Professional Documents
Culture Documents
PENDAHULUAN
limpasan
banjir (misalnya,
Taylor,
langka
(Walling
et
al.,
1998).
Namun,
studi
empiris
pada
umum,
variabilitas
dalam
deposisi
overbank
sedimen
ditentukan oleh faktor-faktor yang beroperasi pada dua skala: pada skala
cabang sungai dan bagian dataran limpasan banjir itu sendiri. Morfologi
saluran, lebar dataran limpasan banjir, beban sedimen dan debit rezim
menentukan sebagian besar variabilitas dalam rawan banjir deposisi polos
antar cabang sungai (Lecce, 1997; Foster et al, 2002; Manis et al, 2003;
Lecce & Pavlowsky, 2004). Variasi dalam pola hidrolik aliran overbank dan
topografi lokal membentuk sumber utama variabilitas dalam deposisi dan
antara dataran limpasan banjir (Lambert & Walling, 1987; Nicholas &
Walling, 1997; Lecce & Pavlowsky, 2004). Meskipun kedua kelompok faktor
memainkan peran jauh berbeda pada tingkat spasial yang berbeda dan
mengakibatkan pola spasial yang berbeda dalam pengendapan sedimen,
hanya beberapa penulis langsung membandingkan variasi spasial dalam
deposisi dataran limpasan banjir pada dua skala tersebut (misalnya, Foster
et al., 2002; Manis et al, 2003). Oleh karena itu tujuan dari penelitian ini
adalah:
1. Untuk menggambarkan variasi baik karakteristik sedimen dan
distribusi spasial dari endapan overbank dalam dan di antara
bagian dataran limpasan banjir individu dan antar cabang sungai
dari sebuah sungai besar;
2. Untuk menghubungkan variasi spasial dengan faktor-faktor logis
topografi dan hidro yang mengatur deposisi overbank pada tiap
dataran limpasan banjir dan cabang-cabang sungai.
BAB II
PEMBAHASAN
1. Daerah Penelitian
Sungai Rhine basin terletak di Eropa Utara-Barat dan berukuran
sekitar 185.000 km2. Sungai adalah sekitar 1.320 km panjang dan memiliki
debit rata-rata sekitar 2.250 m3 s-1 di perbatasan Belanda-Jerman. Saat
ini, Sungai Rhine mengangkut sekitar 3 109 kg sedimen layang per tahun
(Asselman et al, 2003; Thonon, 2006). Hilir dari perbatasan Belanda-Jerman,
Sungai Rhine membagi ke Sungai Waal dan Canal Pannerdens (Gbr. 1).
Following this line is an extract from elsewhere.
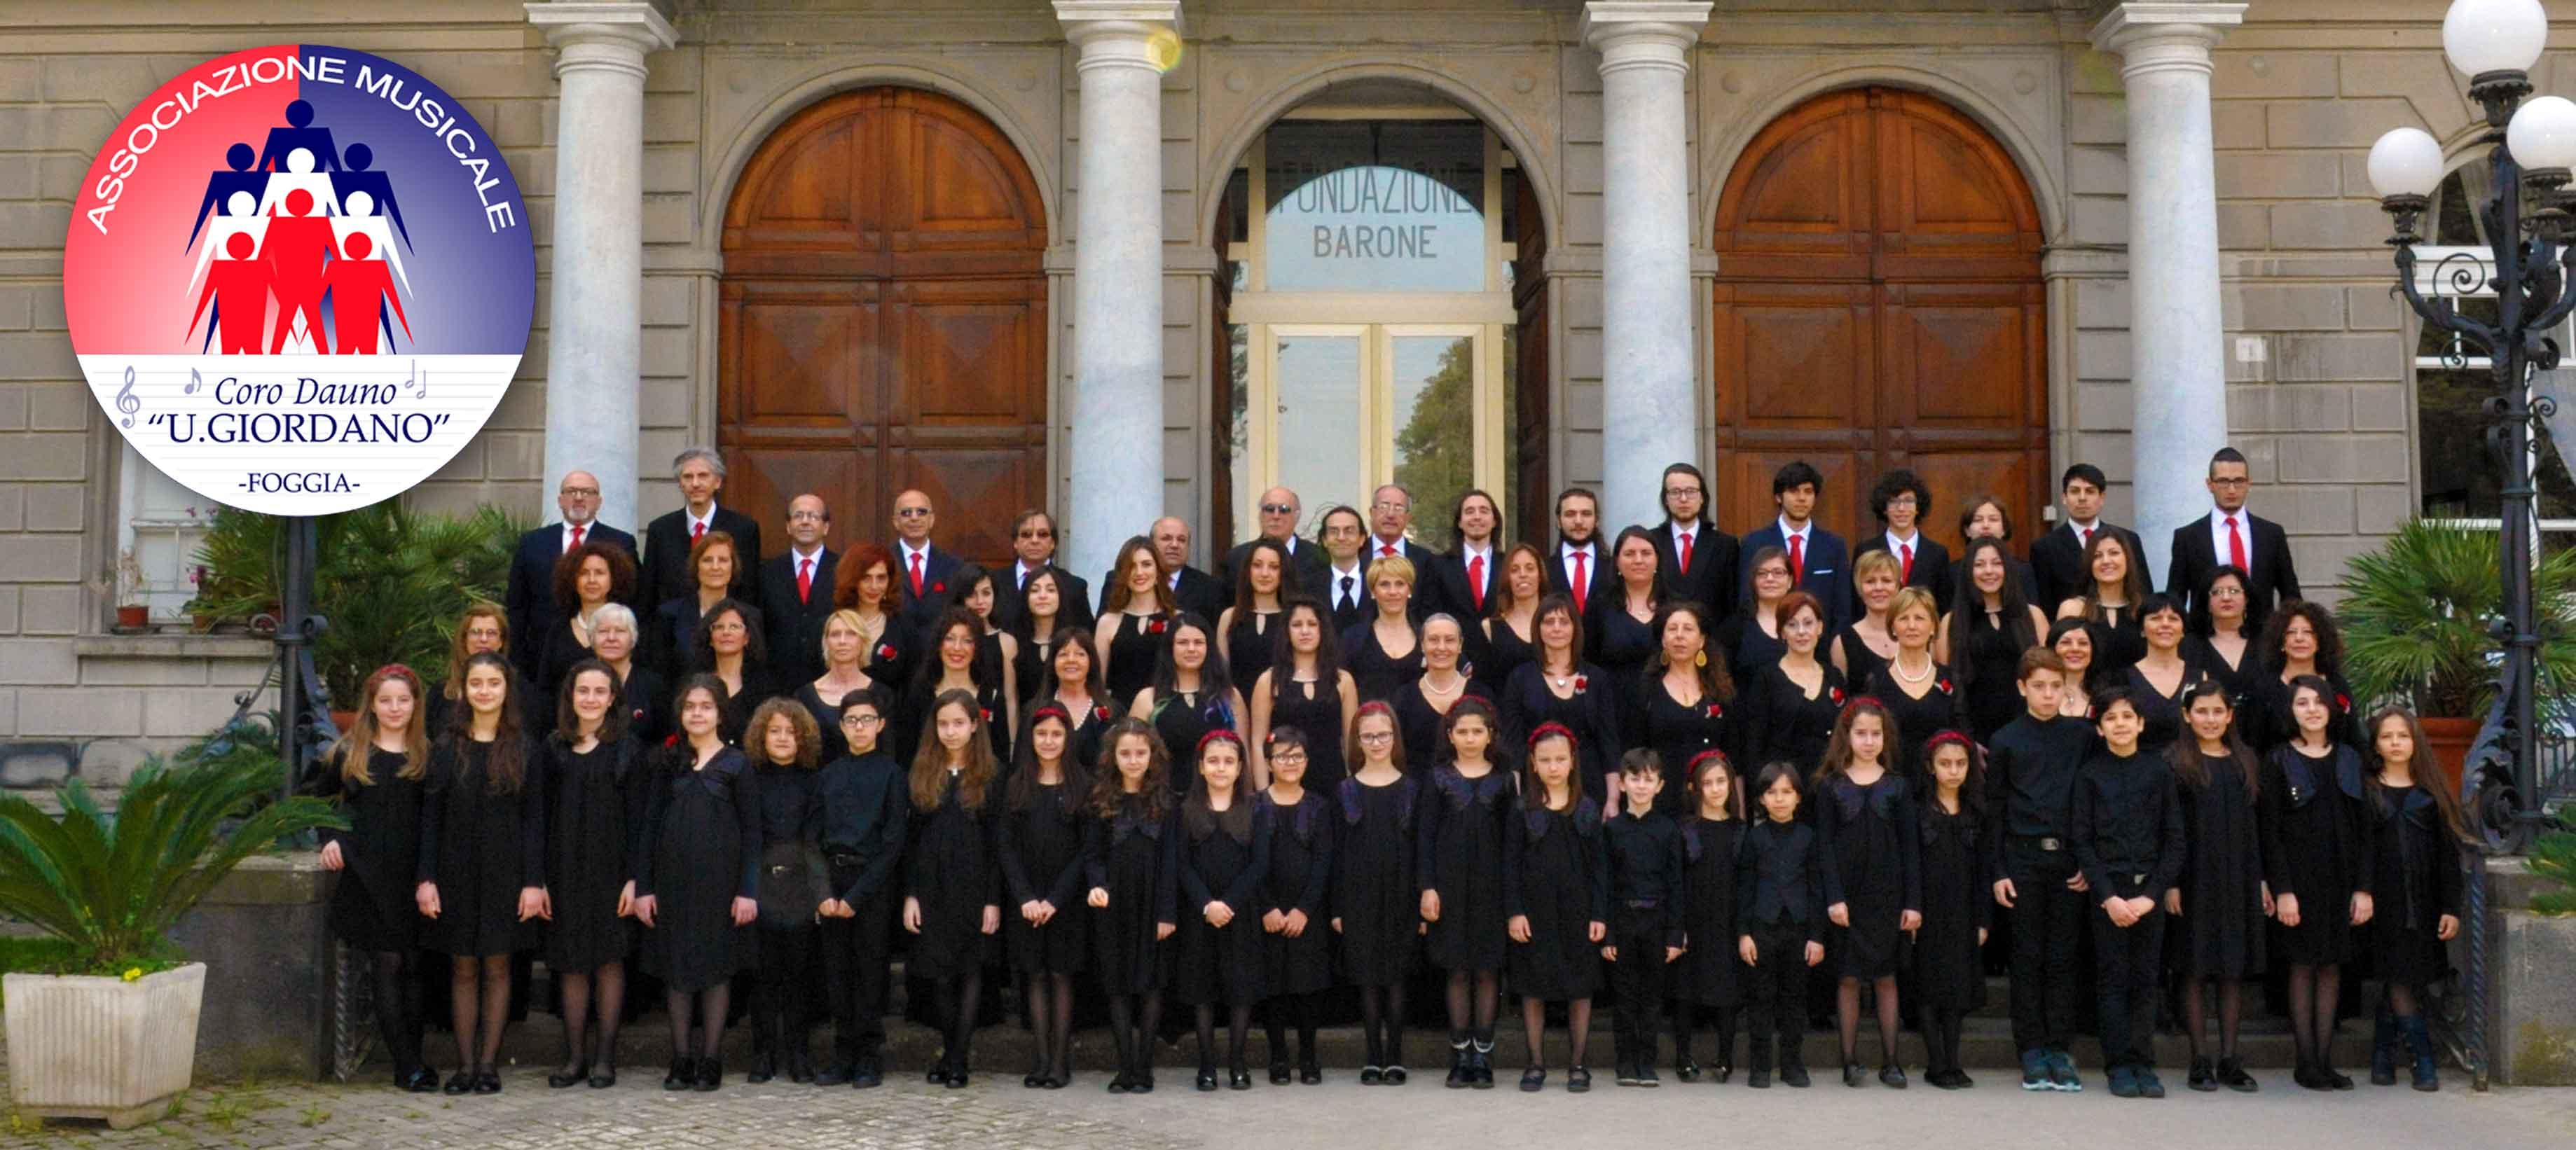 Associazione Musicale Coro Dauno Umberto Giordano

The
Pannerdens Canal kemudian terbagi menjadi Sungai Nederrijn dan Sungai
IJssel. The Waal Sungai pembuangan dua pertiga dari Sungai Rhine debit
(1500 m3 s-1 rata-rata), yang Nederrijn Sungai dua puluh sembilan (500
m3 s-1) dan Sungai IJssel sisa satu-sembilan (250 m3 s-1).
Baik
cabang
sungai
Waal
dan
IJssel
telah
embanked
dan
daerah
dataran
rendah
dekat
dengan
sungai.
Para
groynes
memastikan bahwa tidak ada berkelok-kelok terjadi dan bahwa alur sungai
tetap
cukup
dalam
untuk
pengiriman.
Namun,
dua
cabang
sungai
hutan dataran limpasan banjir, shrub-, reed- dan tanah rawa. Tanah yang
subur hanya hadir dalam W-BW dan W-ADW dataran limpasan banjir.
limpasan
banjir
IJ-mentah.
Semua
studi
tetap
menerapkan
perangkap yang sama seperti yang digunakan oleh Asselman & Middelkoop
(1998). Perangkap ini memiliki basis lentur dari 50 50 cm dengan jumbai
rumput buatan dari 2 cm. Kami menempatkan mereka di dataran limpasan
banjir di muka dari dation inun-, menggunakan lima stainless steel pin untuk
melampirkan mereka ke tanah dataran limpasan banjir. Setelah resesi
banjir, kami mengumpulkan semua perangkap sedimen dan membawanya
ke
laboratorium
di
kantong
plastik.
Kami
mengambil
sedimen
dari
Elevasi
dataran
limpasan
banjir
relatif
dihitung
dengan
3. Hasil
Variasi antar Cabang Sungai dan Bagian Dataran Limpasan
Banjir
Tabel 3 memberikan ukuran butir data untuk dataran limpasan banjir
dipelajari. Selama lima peristiwa dari bulan Maret 2001 sampai Januari
2004, rata-rata 1,1 kg m-2 dari sedimen diendapkan di dataran rawan
banjir dipelajari. The Waal Sungai dataran limpasan banjir menerima
signifikan lebih sedimen per satuan luas daripada dataran limpasan banjir
Sungai IJssel (p = 0,001). Selanjutnya, jumlah pengendapan sedimen di
dataran limpasan banjir Sungai IJssel secara signifikan berbeda satu sama
lain (p = 0,000), menunjukkan tren hilir, dengan kurang sedimentasi yang
terjadi jauh hilir (Tabel 3). The Waal Sungai tidak tidak menunjukkan
perbedaan-perbedaan yang signifikan (p = 0.070) atau seperti tren hilir.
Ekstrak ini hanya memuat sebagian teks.